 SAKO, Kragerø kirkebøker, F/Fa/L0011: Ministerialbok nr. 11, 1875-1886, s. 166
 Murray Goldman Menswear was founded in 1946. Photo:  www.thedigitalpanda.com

━━━━━━━━━━━━━━━━━━━━

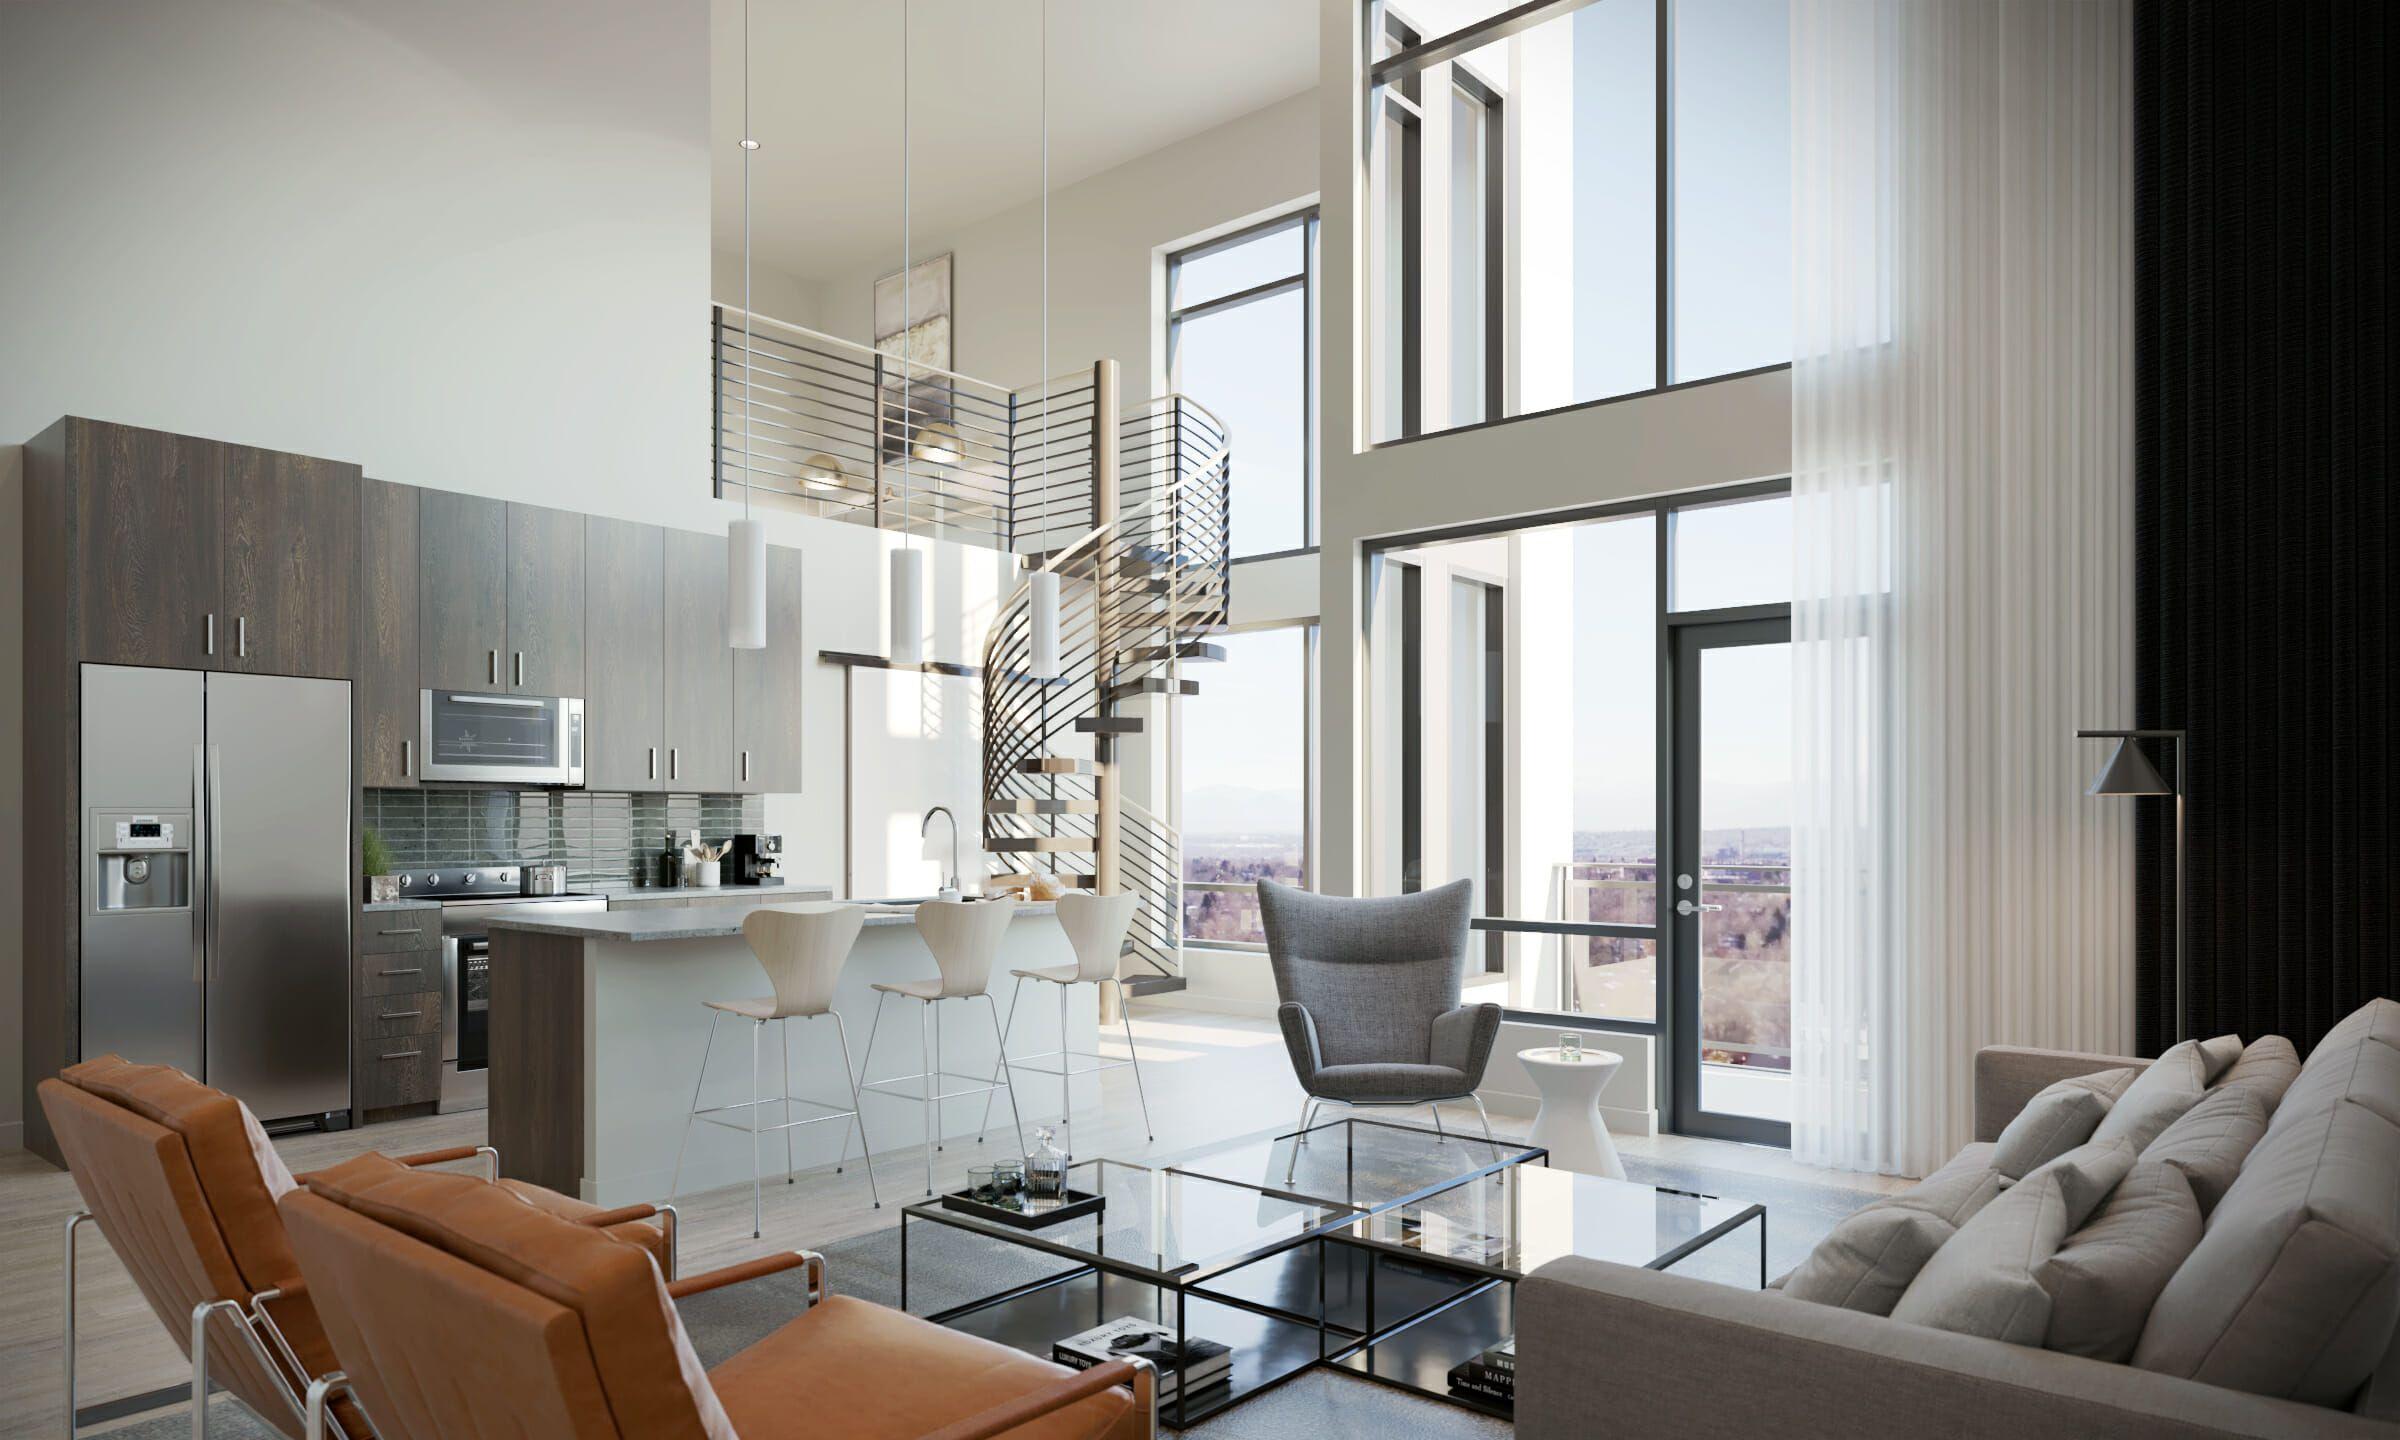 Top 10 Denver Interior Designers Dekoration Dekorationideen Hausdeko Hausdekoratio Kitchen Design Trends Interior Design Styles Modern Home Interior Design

━━━━━━━━━━━━━━━━━━━━

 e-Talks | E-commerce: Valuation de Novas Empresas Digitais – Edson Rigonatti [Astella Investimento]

━━━━━━━━━━━━━━━━━━━━

Task to complete:
What you give back must be the stretch above, starting at the line with "SAKO, Kragerø kirkebøker, F/Fa/L0011: Ministerialbok" and ending at the line with "Murray Goldman Menswear", copied exactly.

Task output:
 SAKO, Kragerø kirkebøker, F/Fa/L0011: Ministerialbok nr. 11, 1875-1886, s. 166
 Murray Goldman Menswear was founded in 1946. Photo:  www.thedigitalpanda.com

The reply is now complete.